(Supplied material)

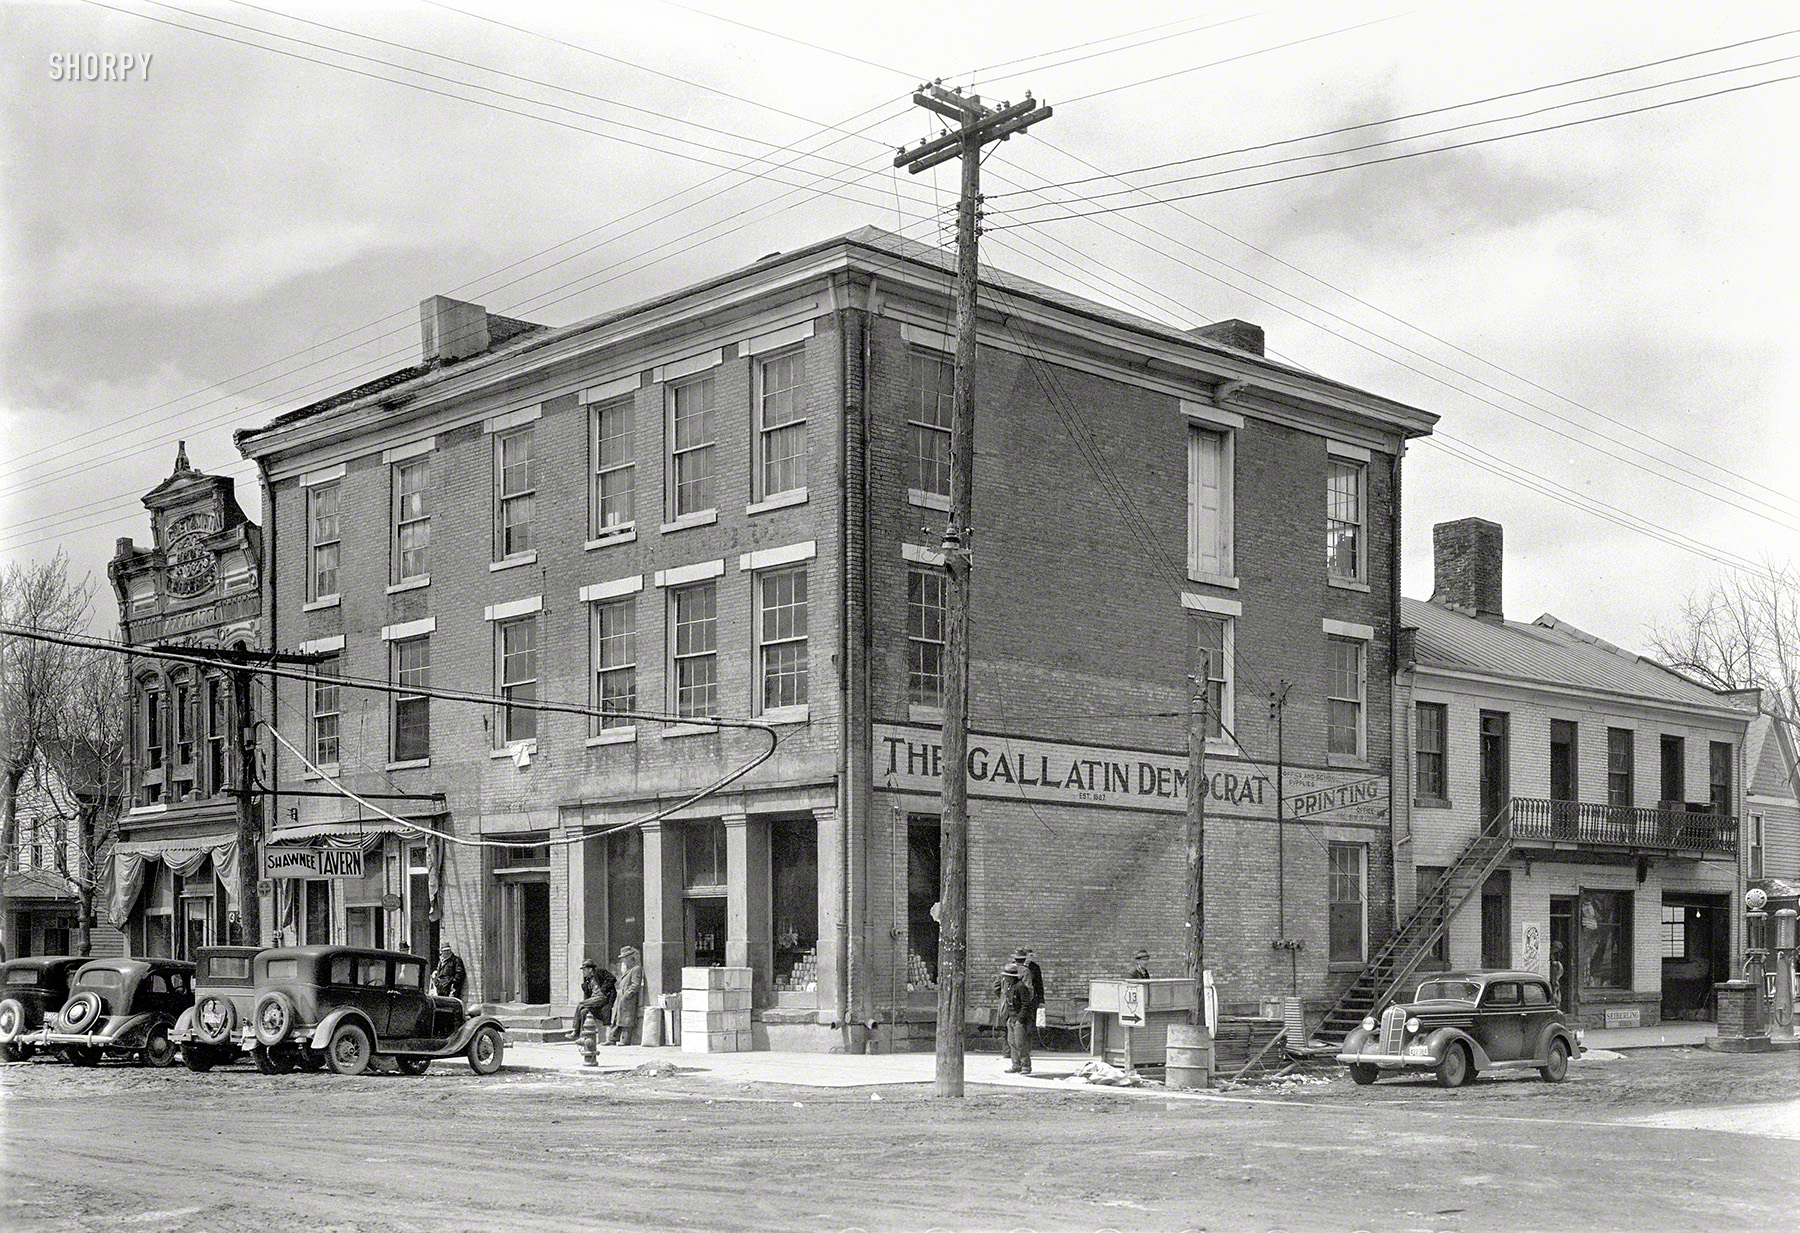 April 1937. "The Posey Building of Shawneetown, Illinois, in which Abraham Lincoln and Robert Ingersoll had law offices." Now home to a newspaper and a bar. Photo by Russell Lee for the Resettlement Administration. View full size.
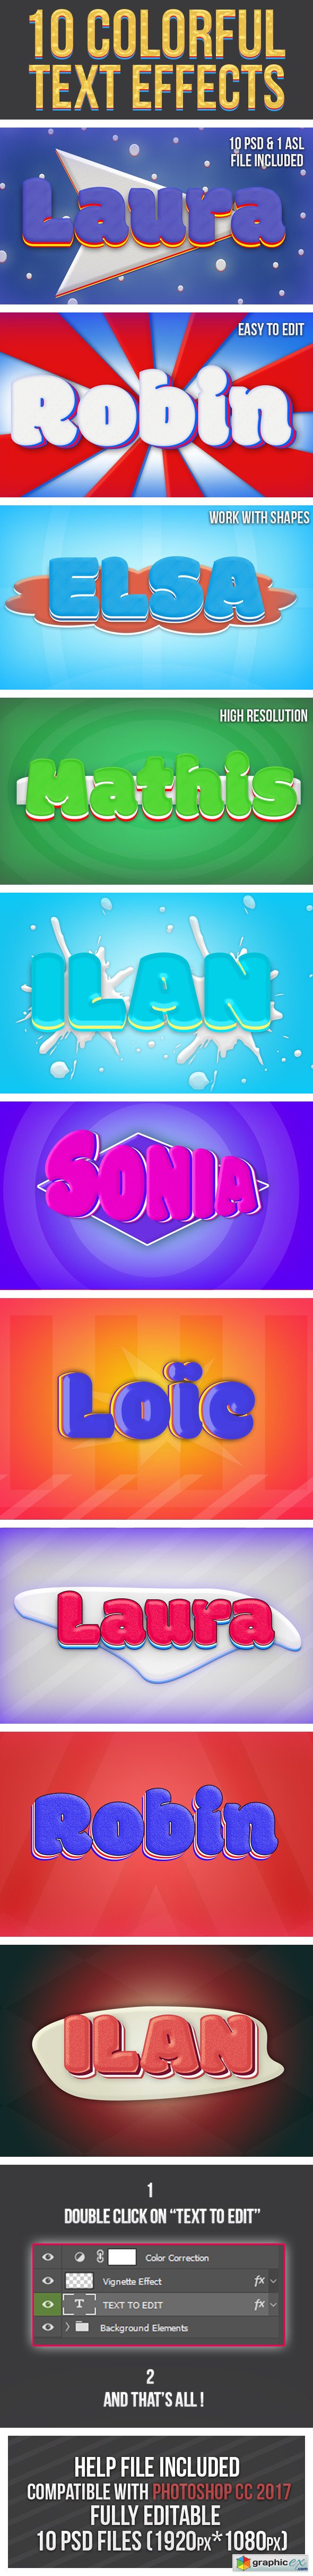 Colorful Text Effects
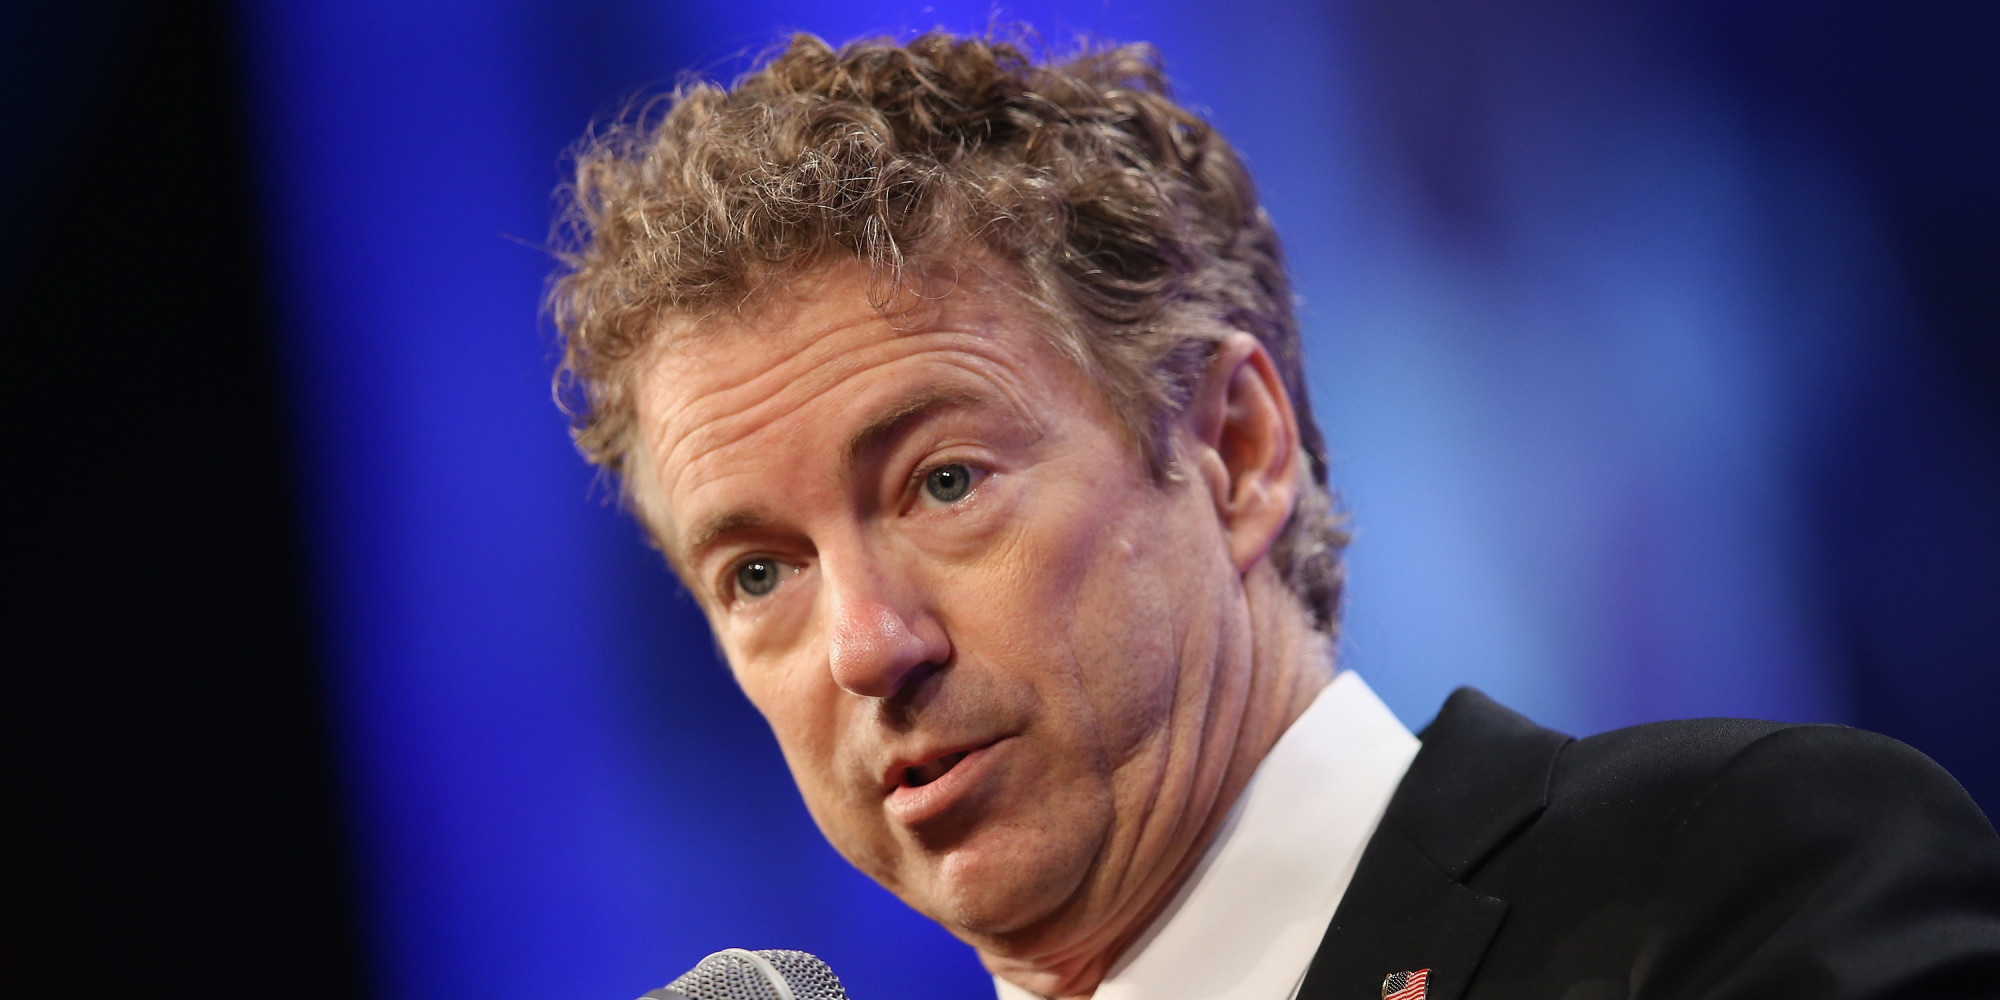 You know Rand Paul DOES kind of look like a lizard if you really look at him.
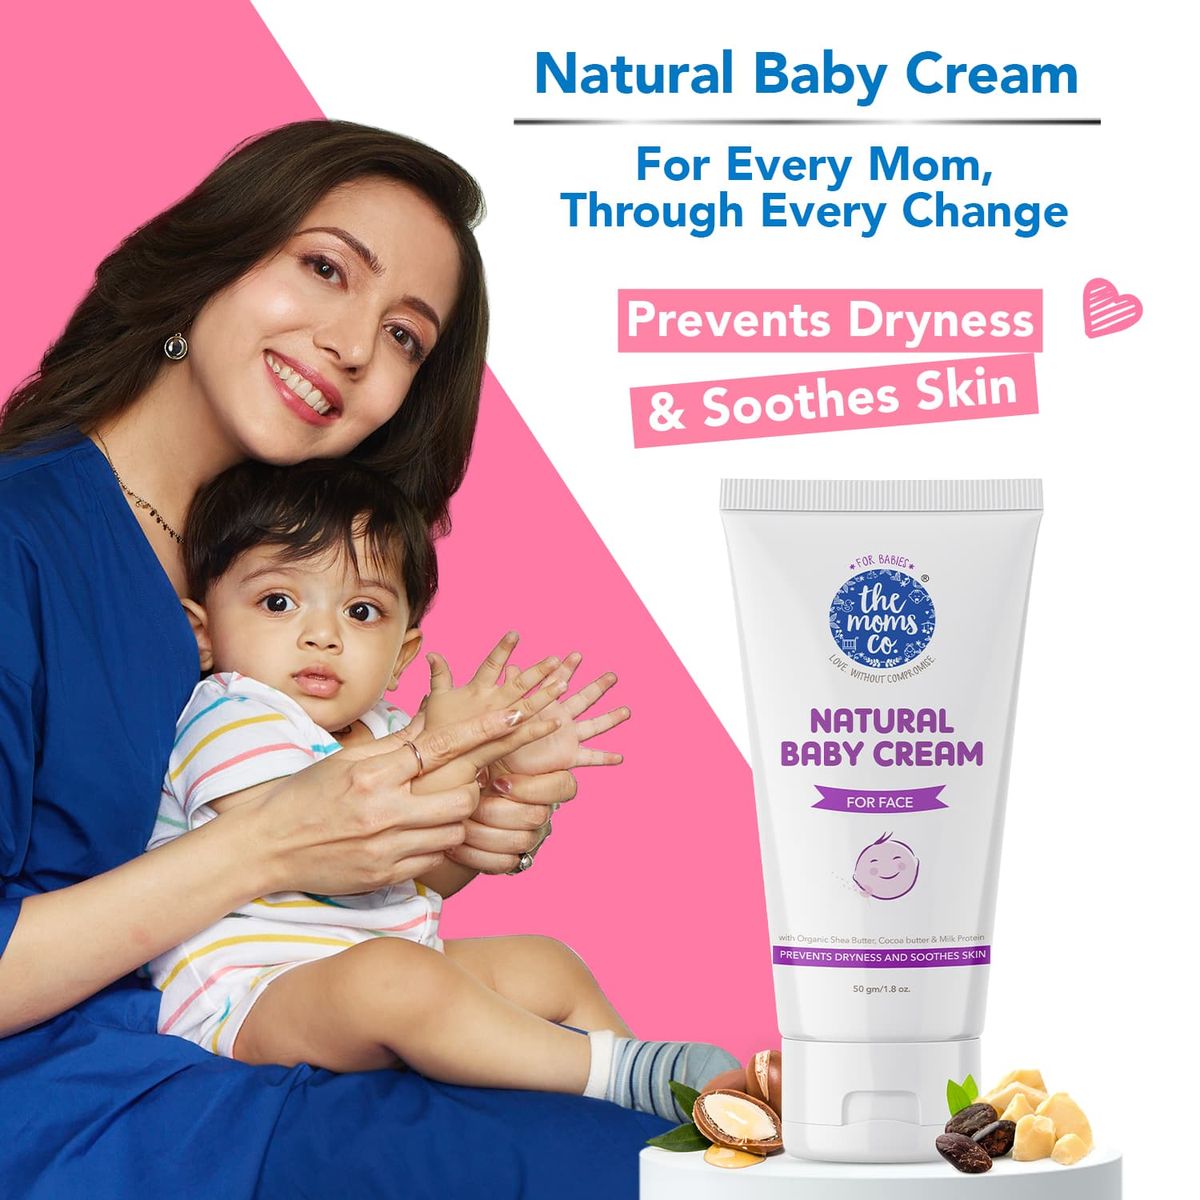 The Moms Co. Natural Baby Face Cream

(End Supplied material)

* **What the exercise asks**: Exclude all pictures and reproduce verbatim the lines running from the line that contains "Colorful Text Effects" to the end of the data above, both ends included.

* **Reply to the exercise**:
 Colorful Text Effects
 You know Rand Paul DOES kind of look like a lizard if you really look at him.
 The Moms Co. Natural Baby Face Cream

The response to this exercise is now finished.